Hi, I am working on deploying MobileNetv2 on Jetson Nano and am having trouble converting these networks from TensorflowV2.5.0 Object_detection_api to TensorRT. I tried to convert the .onnx model to TensorRT engine, but I get this Myelin error:
[06/21/2021-10:11:26] [V] [TRT] Formats and tactics selection completed in 157.841 seconds.
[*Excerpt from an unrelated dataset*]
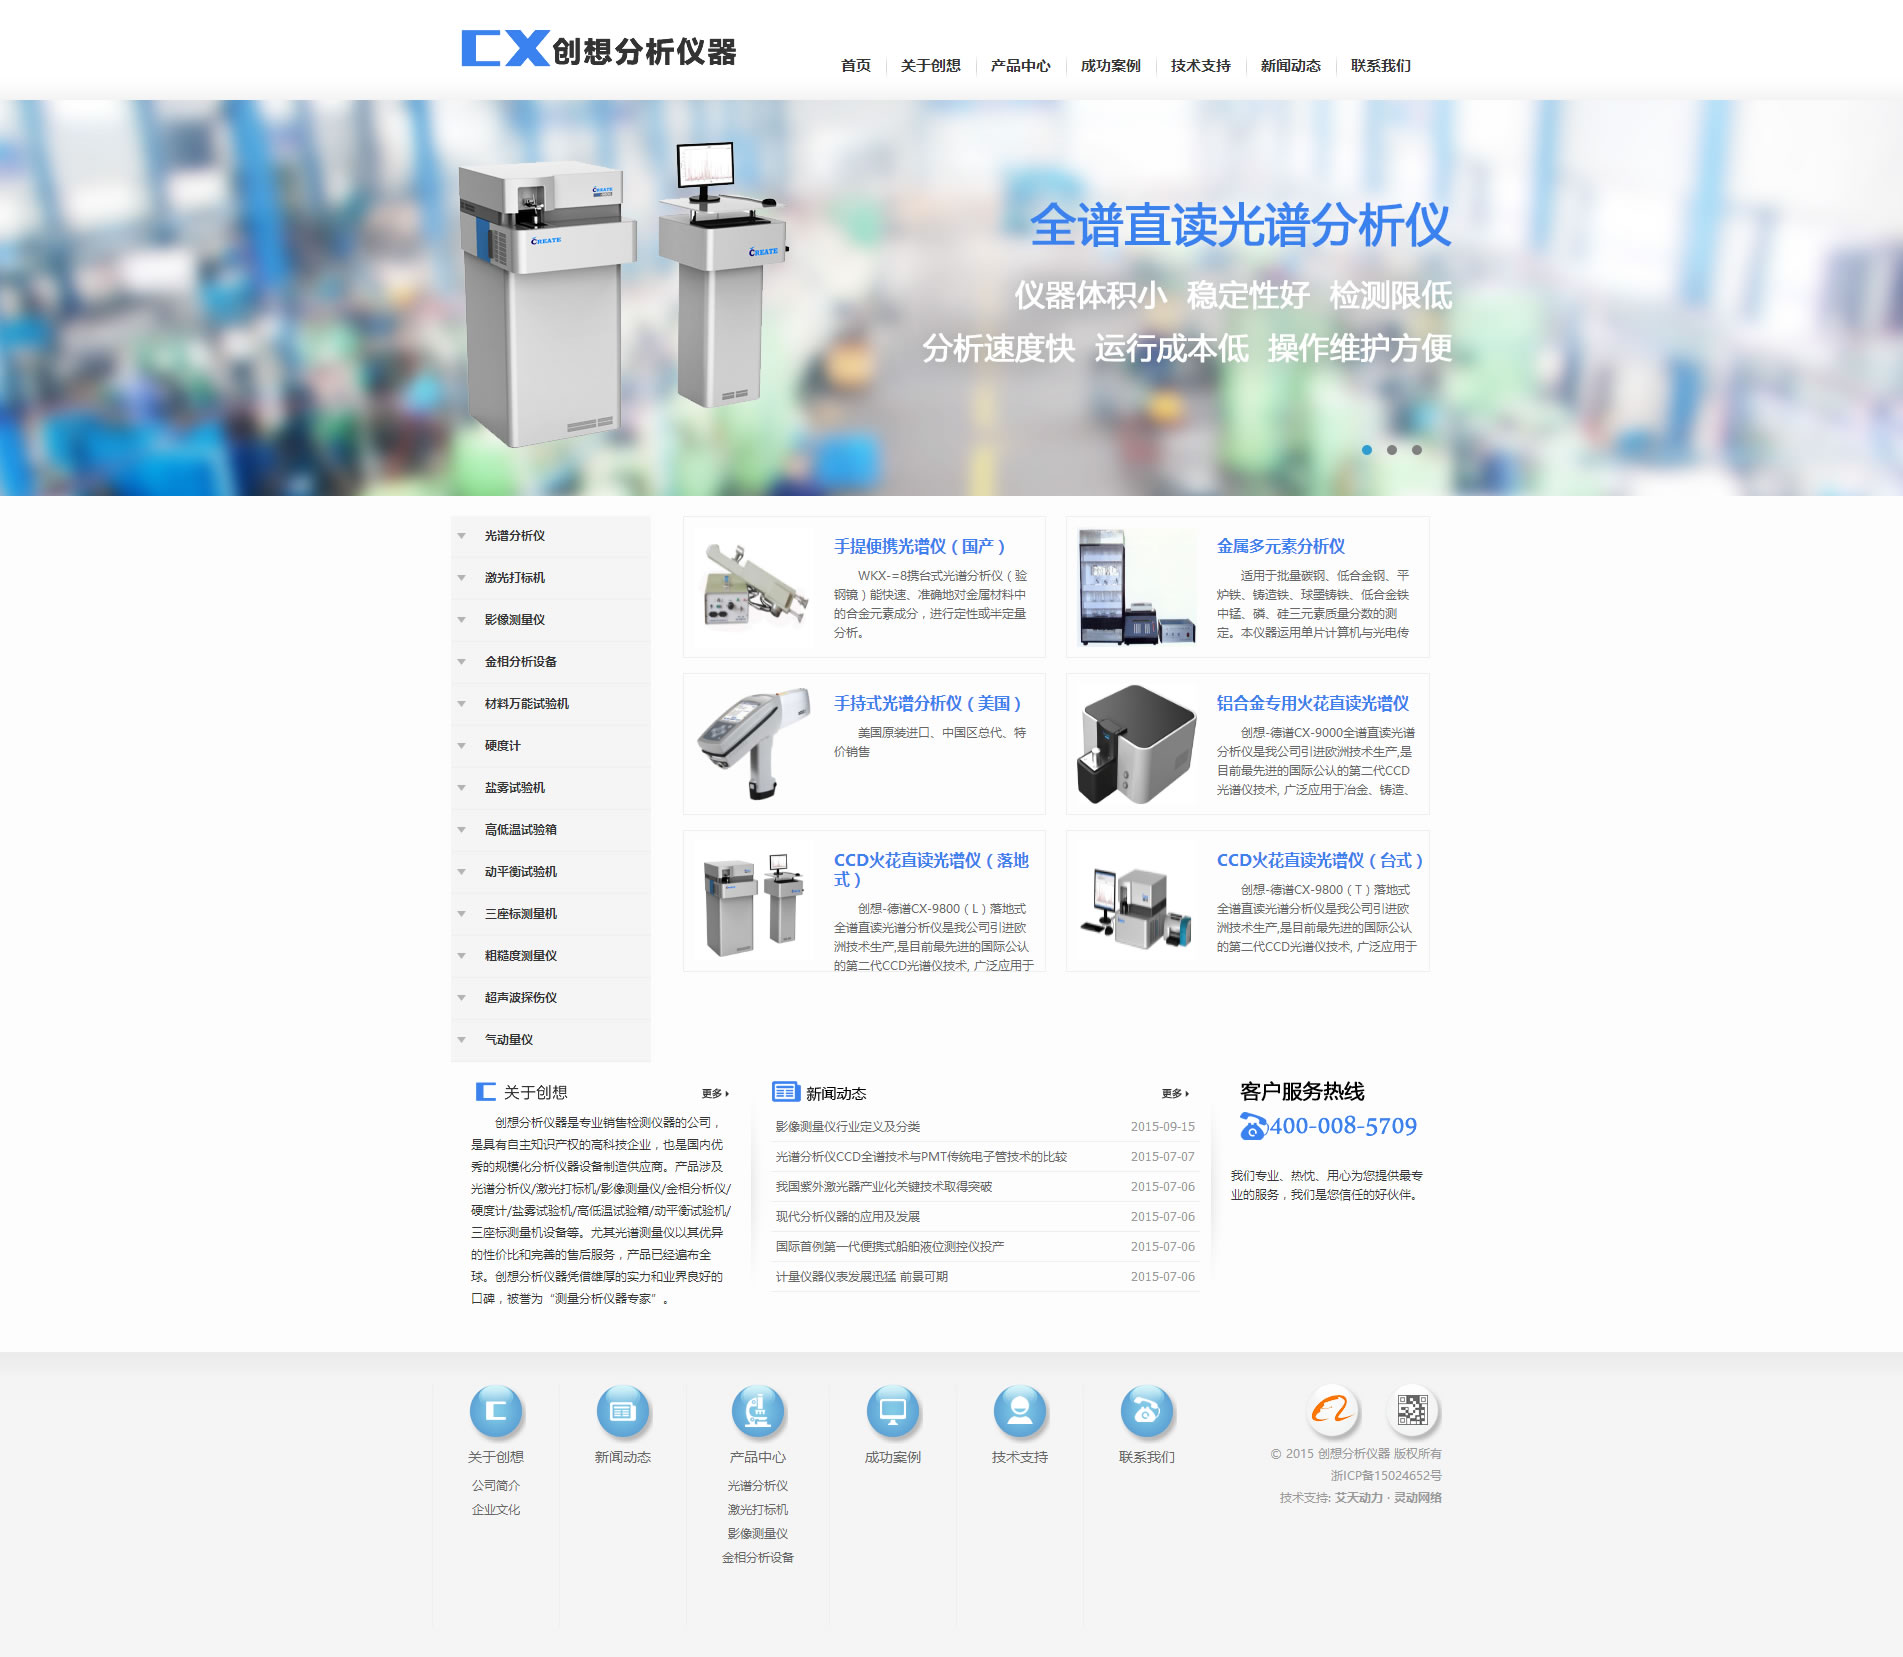 宁波创想分析仪器科技有限公司，网站建设技术支持：艾天动力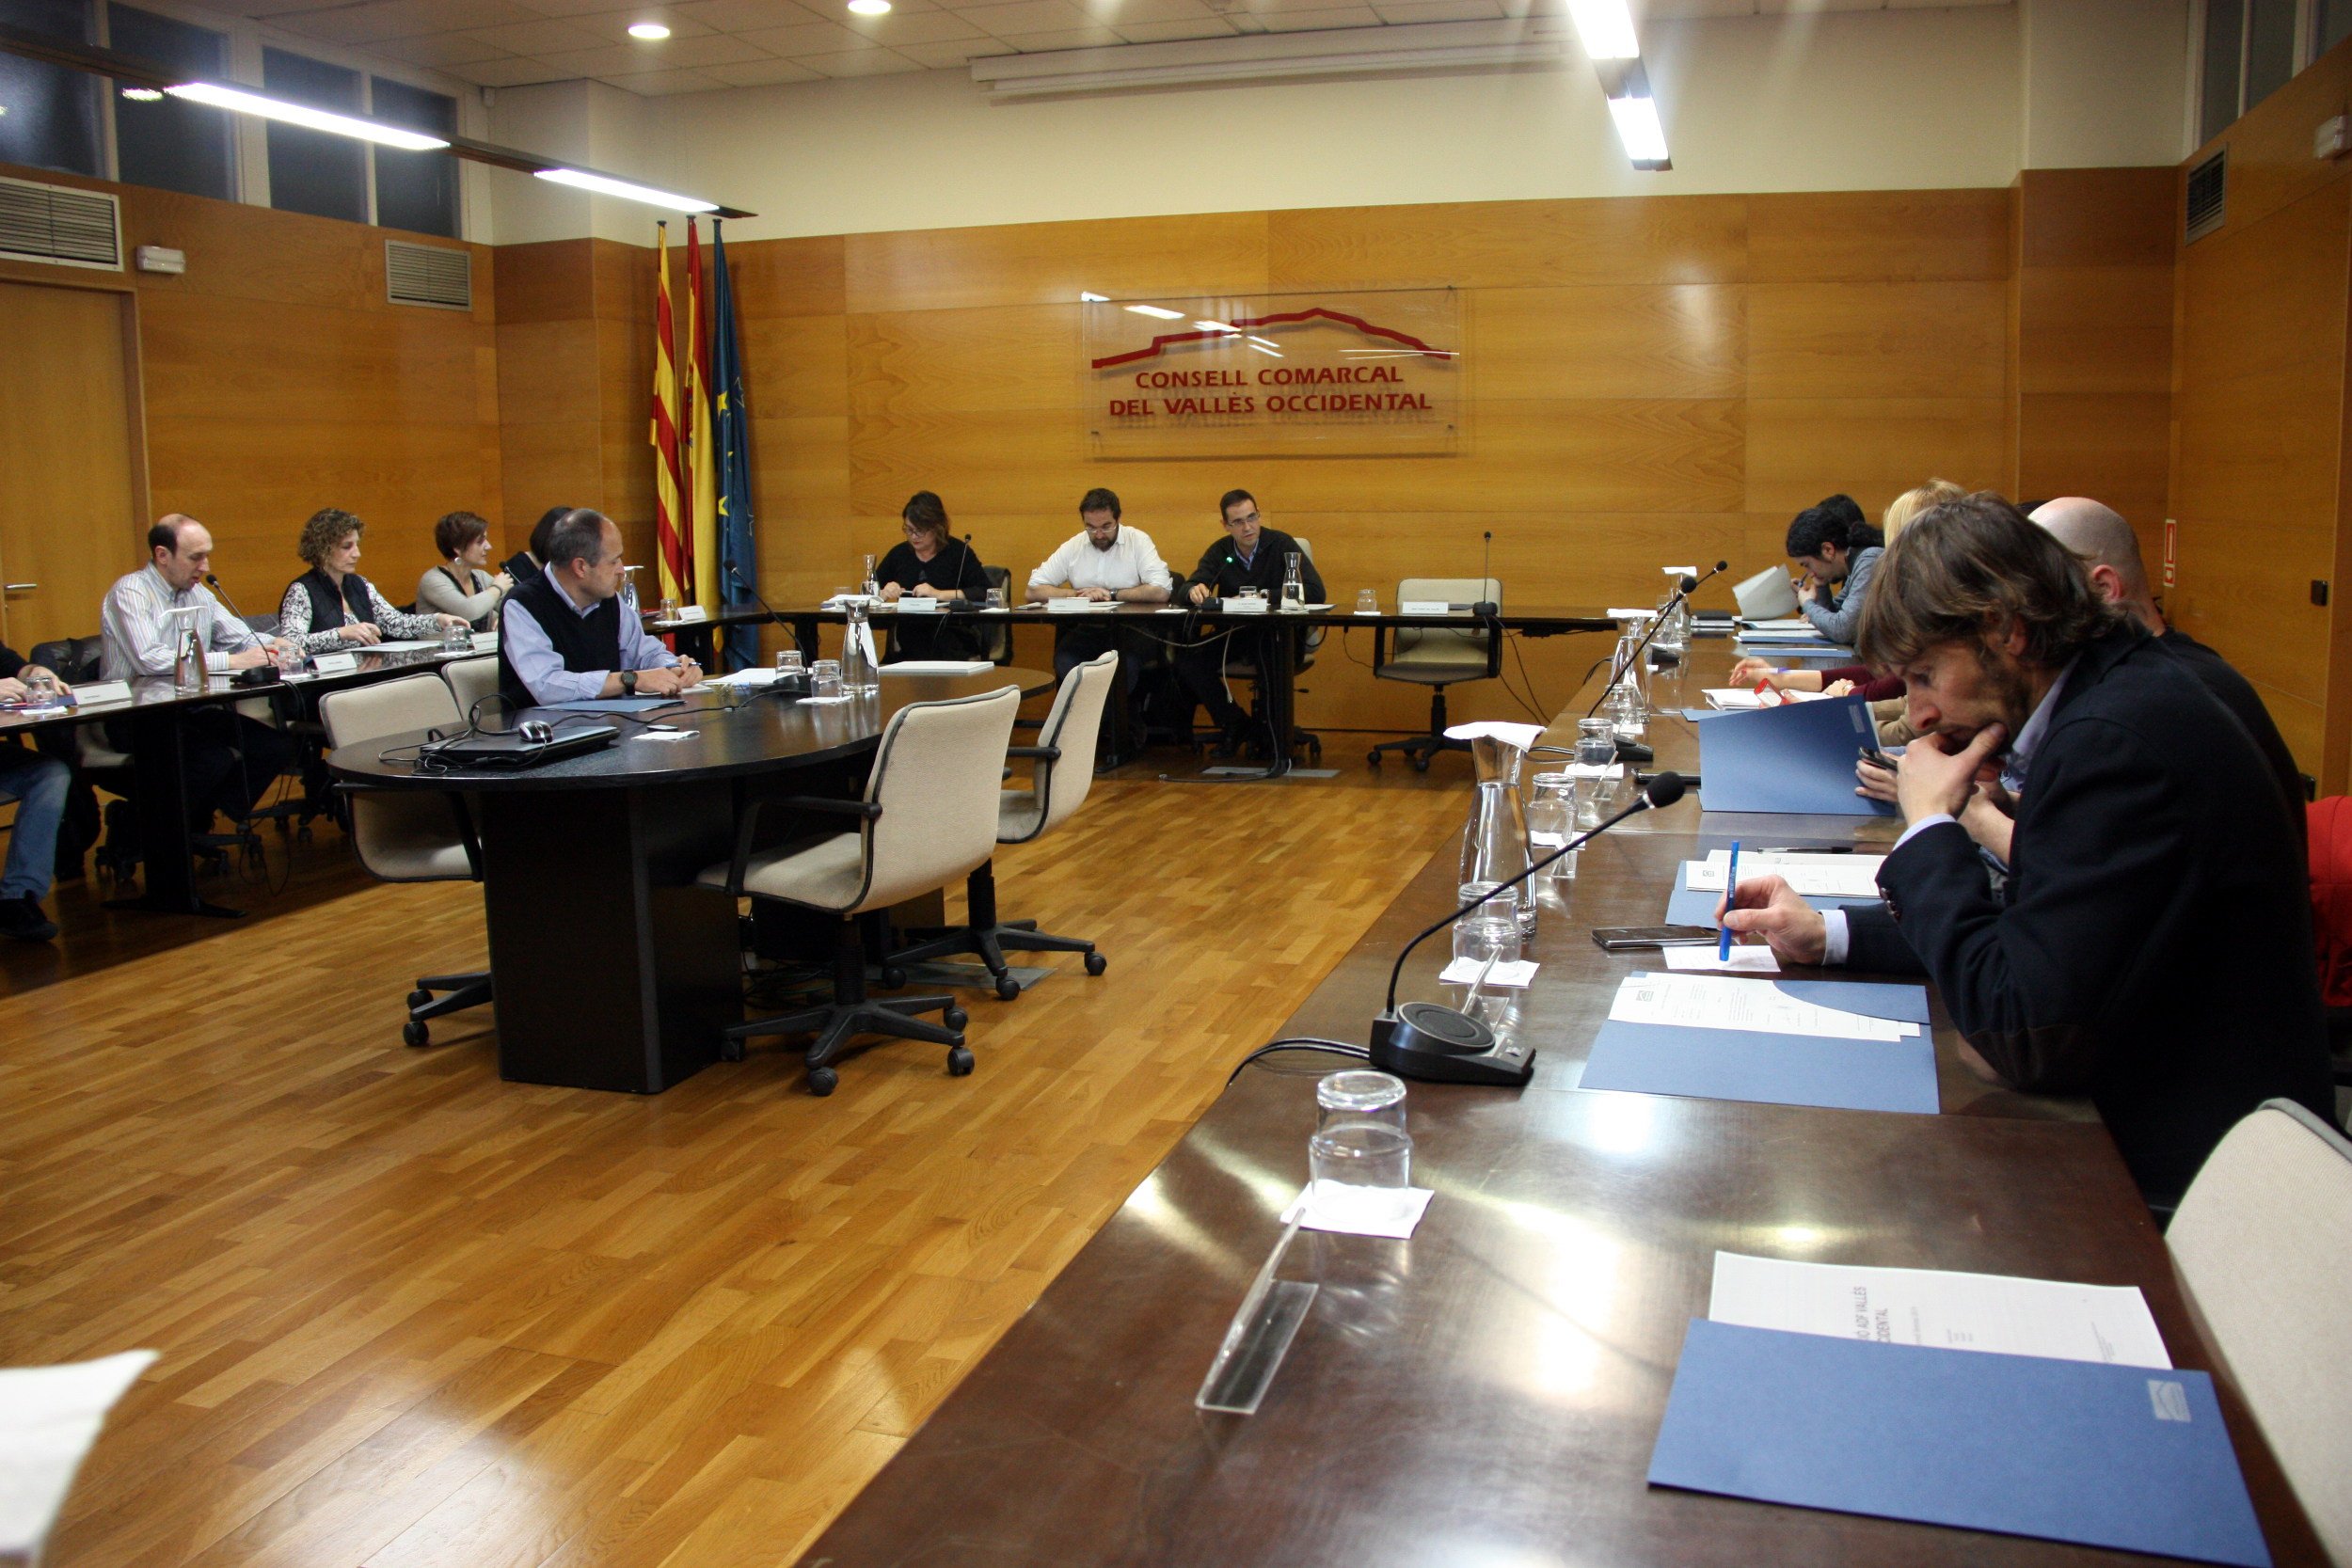 Tripartit de JxCat, el PSC i els comuns als consells comarcals dels dos Vallès

[06/21/2021-10:11:26] [V] [TRT] After reformat layers: 135 layers
[06/21/2021-10:11:26] [V] [TRT] Block size 16777216
[06/21/2021-10:11:26] [V] [TRT] Block size 8640000
[06/21/2021-10:11:26] [V] [TRT] Block size 3240448
[06/21/2021-10:11:26] [V] [TRT] Block size 1440256
[06/21/2021-10:11:26] [V] [TRT] Block size 540160
[06/21/2021-10:11:26] [V] [TRT] Block size 39424
[06/21/2021-10:11:26] [V] [TRT] Block size 7680
[06/21/2021-10:11:26] [V] [TRT] Block size 7680
[06/21/2021-10:11:26] [V] [TRT] Block size 2048
[06/21/2021-10:11:26] [V] [TRT] Block size 1536
[06/21/2021-10:11:26] [V] [TRT] Block size 1024
[06/21/2021-10:11:26] [V] [TRT] Block size 512
[06/21/2021-10:11:26] [V] [TRT] Block size 512
[06/21/2021-10:11:26] [V] [TRT] Block size 512
[06/21/2021-10:11:26] [V] [TRT] Total Activation Memory: 30699008
[06/21/2021-10:11:26] [I] [TRT] Detected 1 inputs and 4 output network tensors.
[06/21/2021-10:11:26] [E] [TRT] ../builder/myelin/codeGenerator.cpp (112) - Myelin Error in addNodeToMyelinGraph: 0 (map/while/TensorArrayV2Read/TensorListGetItem operation not supported within a loop body.)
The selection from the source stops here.